Big Bad Wagner - Twilight

Today will be a short one to conclude our time spent on Wagner. Its purpose is to simply ask some questions, mainly concerning how Wagner articulates the broader concepts and philosophies that underpin The Ring.

OPPOSING FORCES

Wagner presents some ideas as diametrically opposing forces: for instance, love and power. Love is clearly the ethical superior of power for Wagner. And although love is perennially enduring, it is also characterized as somewhat feeble. Those characters who give themselves to love are condemned to suffer and ultimately, to perish. Fasolt the Giant, who loves Freia, is killed by his brother Fafner; Siegmund and Sieglinde both die for loving each other; Brünnhilde is consigned to mortality for safeguarding Siegmund and Sieglinde, and she is subsequently forsaken by Siegfried; Siegfried is beguiled by a potion that makes him betray his beloved and leads to his death by conspiracy. (It is interesting to note that all of these characters are completely oblivious to the existence of the Ring, and yearn nothing for what it bestows.) 

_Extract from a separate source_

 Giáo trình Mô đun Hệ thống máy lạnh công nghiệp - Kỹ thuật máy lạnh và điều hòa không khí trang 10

By contrast, hungering after power leaves other characters almost totally isolated. After procuring the Ring and Tarnhelm, Fafner retires to a cave and adopts the form of a huge dragon where he sleeps until Siegfried disturbs and then kills him; Alberich is found years later, a shell of his former self, haunting Fafner’s cave; Mime only has Siegfried, who detests him; and Wotan wanders the earth alone until resigning to his fate, whereupon he returns to Valhalla and quietly awaits his demise. 

POLEMIC 

Other ideas in The Ring are presented as a polemic. For instance:

Is Sieglinde’s marriage to Hunding, which is patently an abusive relationship, more sacrosanct because of the social contract that binds them than the erotic love she feels for her twin brother, despite that social taboo? A big question, and one to discuss over a good bottle of red.

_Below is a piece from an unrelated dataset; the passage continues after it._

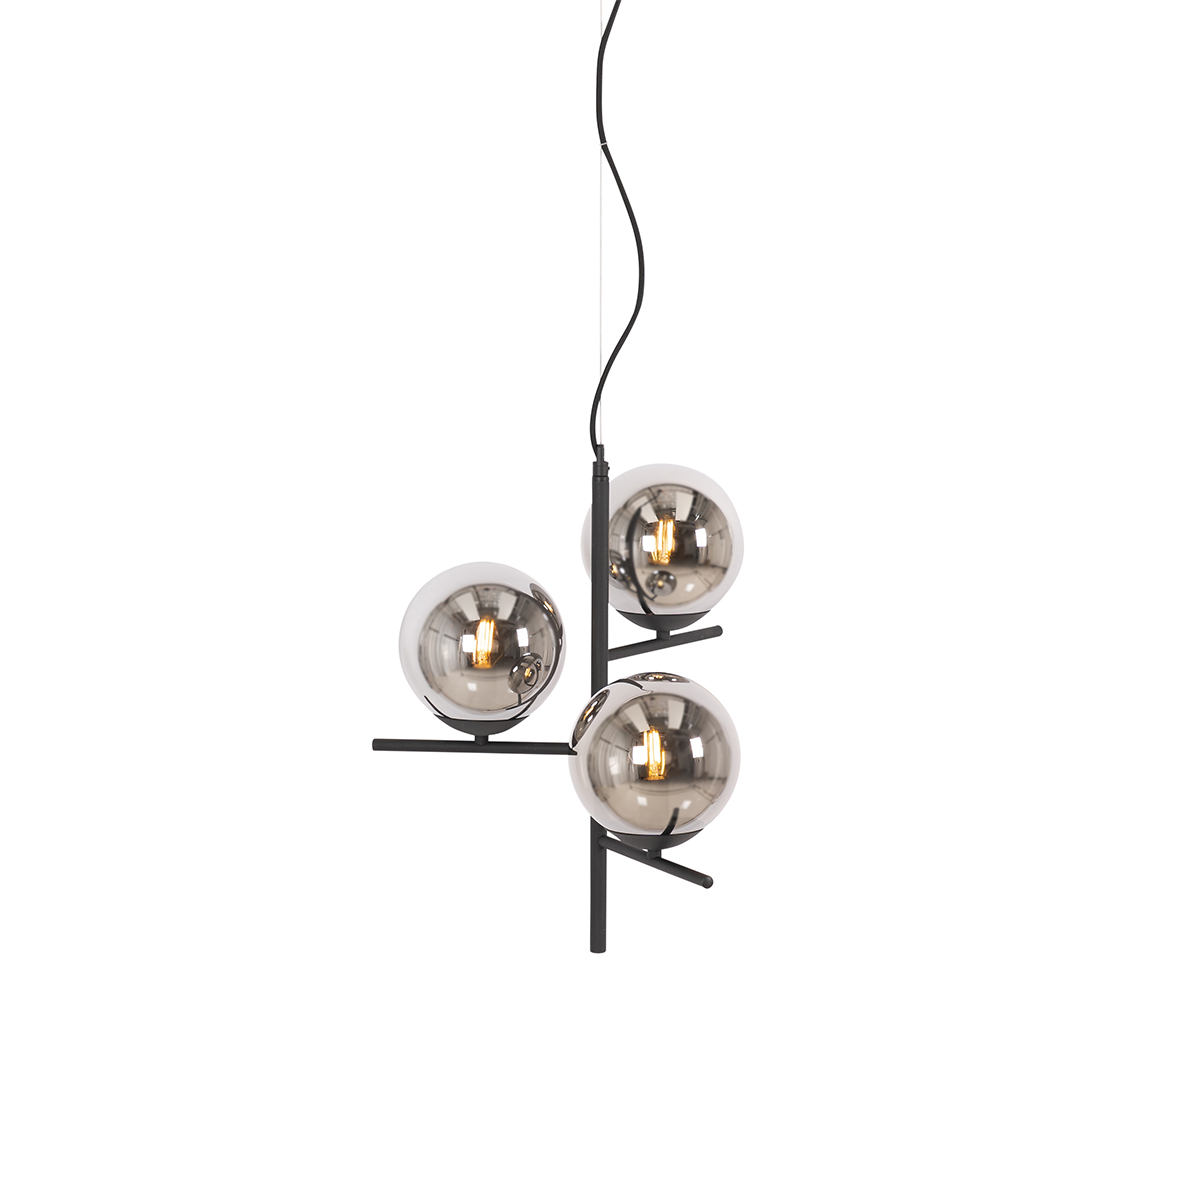 Art deco hanglamp zwart met smoke glas 3-lichts - Flore

Another polemic: Was Brünnhilde right to defy Wotan in defending the valiant outcast Siegmund from the barbarous Hunding? Was Wotan wrong to punish her with banishment and mortality? Was not Brünnhilde merely enacting the true desire of Wotan’s heart, as she strenuously argues? Wagner has us ask these questions by way of the characters themselves, who grapple with them at such length in the operas.    

THE SAME COIN

Yet other ideas are presented as different facets of the same motivating force: Alberich stole the magical Rhinegold to forge the Ring, renouncing love as payment; Wotan tore a branch from the magical World Ash Tree, thus killing it, giving an eye as payment. Both represent a contemptuous rape of the natural world in the pursuit of power.

As a point of distinction between the two: Alberich rules through the threat of physical violence, whereas Wotan rules through the steady accretion of treaties and alliances. Alberich is therefore the personification of corrupt and unjust tyranny, Wotan of facile politicking. Wagner is clearly posing the question, ‘Is one really better than the other?’

THE END...

The Ring is one of the most ambitious projects in the history of human culture. It consumed almost 25 years to come to fruition and performing it remains the crowning achievement of any opera company. There are devotees who scour the earth for productions and flock with unabashed alacrity to these festivals of ideas and sound. As I said at the start of this mini Wagner-epic, he demands more of you than most other composers. But if you are able to give yourself over to its mesmeric passion you will experience one of the greatest artistic triumphs of creativity humanity has yet produced.